Saudi Arabian oil industry winning war against U.S.
A BRIEF RECAP
In 2014, the Saudi Arabian oil industry announced a war against its U.S. counterpart following the Saudi-Iran feud on oil prices. In the past, it has been common that Saudi Arabia have attempted to stabilise oil prices by increasing supply when prices went up and decreasing supply when prices were down. This practice occurred prior to the U.S. hydraulic fracturing revolution which saw a rapid increase in U.S. oil production, resulting in them taking over a large portion of the Saudi share of the oil market and lowering prices. Trillions of dollars in investment and millions of new jobs in America were created as a result of this influx in oil production, however, Saudi Arabia increased their production hoping to chase out U.S. oil companies by flooding the market.
At first, this Saudi strategy seemed somewhat successful, with the flood of crude oil driving down prices and U.S. companies minimising their drilling. What the Saudi’s didn’t anticipate however, was that the wells U.S. producers were still drilling were so successful that their overall production barely moved even despite cutbacks. When the prices rebounded slightly, U.S. oil companies went back to their initial production levels and began to push prices down. The following image from the Federal Reserve Bank of St Louis gives an indication of the amount of oil produced by the U.S. during drilling cut backs, and then the brief period of growth following.
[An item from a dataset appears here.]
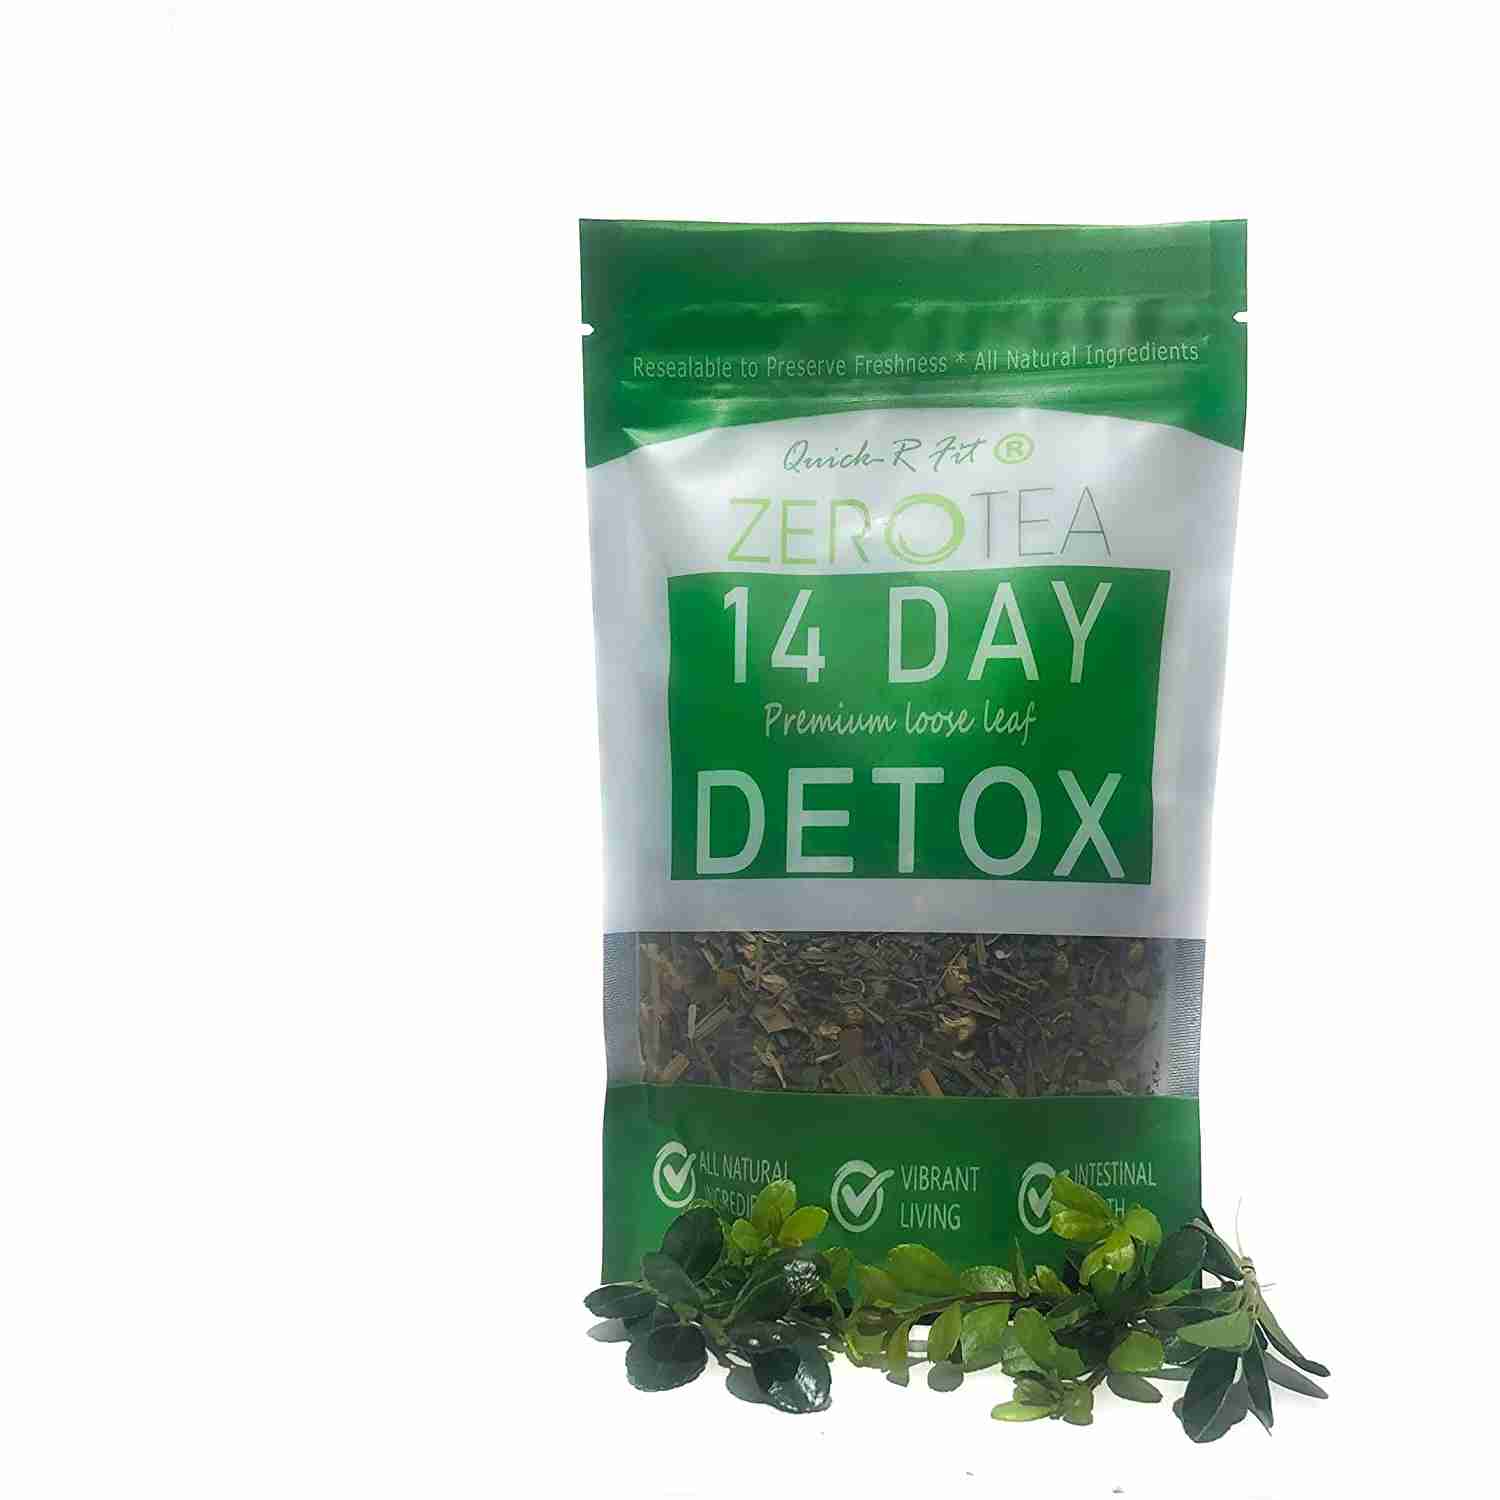 detox-tea-weight-loss-fat-burn-14-day-slimming-flat-tummy with cash back rebate

In recent months, there have been developments in the oil industry which suggest that the Saudi Arabian oil strategy may be working. Research company IHS notes that 60 oil companies in the U.S. have already filed for bankruptcy with an estimated 150 companies expected to do the same.
The large oil companies in the U.S. have only survived the low prices of oil as long as they have because of the billions lent to them by large banks and investors, who lent the money anticipating the price falls would be short-lived. Given the longevity of the price lows at the moment, as well as global economic uncertainty following the Greek financial crisis and China’s economic slowdown, investors and banks are more cautious about their lending, especially given that 60 of the leading oil and gas companies in the U.S. have accumulated up to US$200 billion in debt. It also doesn’t help the U.S. oil companies that the Federal Reserve System have decided to increase interest rates.
With all these factors coming into play, American oil companies are cutting their production, with the Energy Information Administration commenting that approximately 600,000 less barrels per day have been produced since April last year, and this is expected to double by the end of the year. The increase in U.S. oil production on top of the Saudi increase caused prices to drop below US$80 a barrel as seen on the below graph by Atlas. Analysts have also anticipated that US$380 billion in oil and natural gas field investment has been put on hold by companies with 250,000 workers having lost their jobs globally in the last year as a result of this.
If the U.S. is decreasing its oil supply, it may be expected that the price of oil will go back up, however, this will take a number of years. What it does mean is that through producing oil at close to maximum capacity, Saudi Arabia are winning the oil war against the U.S.